Earlier today, Blawgletter described an Eighth Circuit decision relating to insurance for acts and omissions of corporate directors and officers. That case involved coverage for the direct liability of Ds and Os to third parties ("Side A" D&O coverage). Many D&O policies also protect the companies themselves for amounts they pay under by-law provisions requiring them to indemnify the Ds and Os ("Side B" coverage).

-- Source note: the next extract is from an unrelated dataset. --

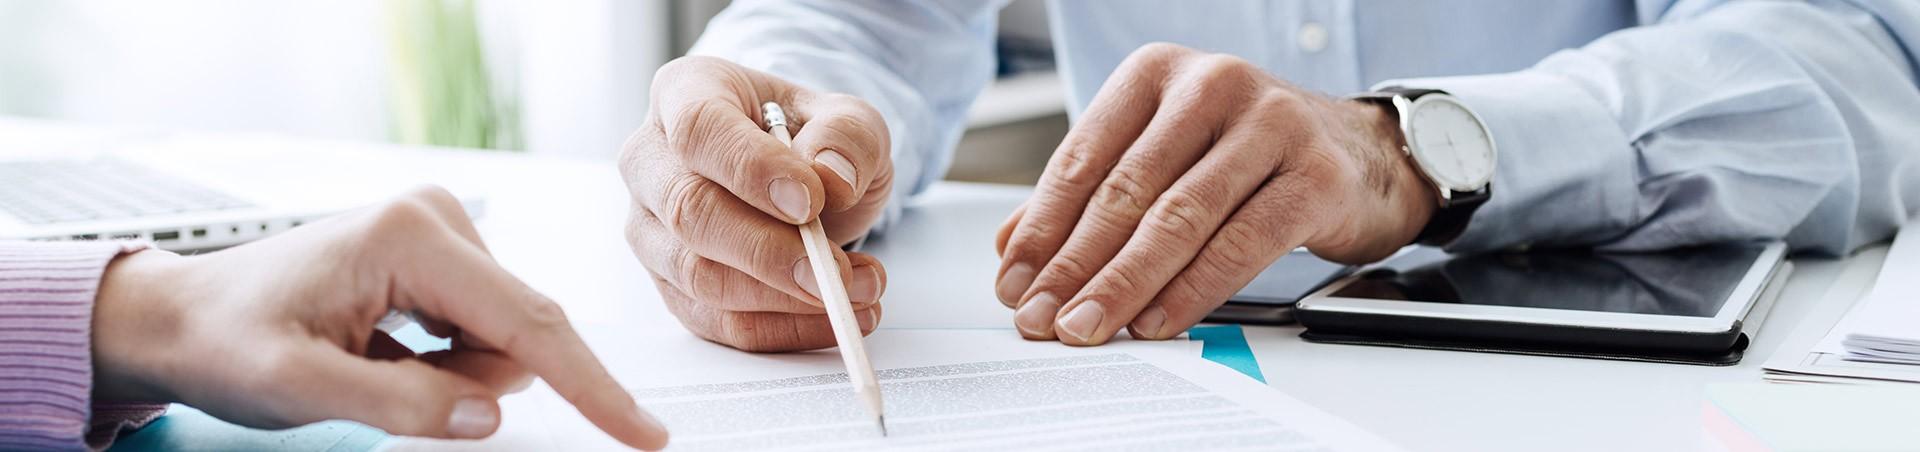 Arbeidsovereenkomst Pensioenrecht Delissen Martens

Fascinating, no? In our defense, Blawgletter mentions Side B because a Third Circuit ruling today discussed the indemnification obligations to which Side B applies. The court affirmed a judgment against a standard-setting organization (the "ASTM") for the costs of defending and settling a case arising from ASTM’s establishment of standards for underground storage tanks. The court rejected arguments that the business judgment rule shielded ASTM’s decision to deny indemnification, that the by-law’s exclusion of intentional acts applied, that the conduct in question didn’t occur "by reason of" work for the organization, and that the defense and the settlement cost too much. Am. Soc. for Testing & Materials v. Corrpro Cos., Inc., No. 05-4164 (3rd Cir. Mar. 6, 2007).
Blawgletter hopes that ASTM has Side B coverage. How else will it pay the $1.4 million (plus attorneys’ fees) that the district court awarded and the Third Circuit upheld?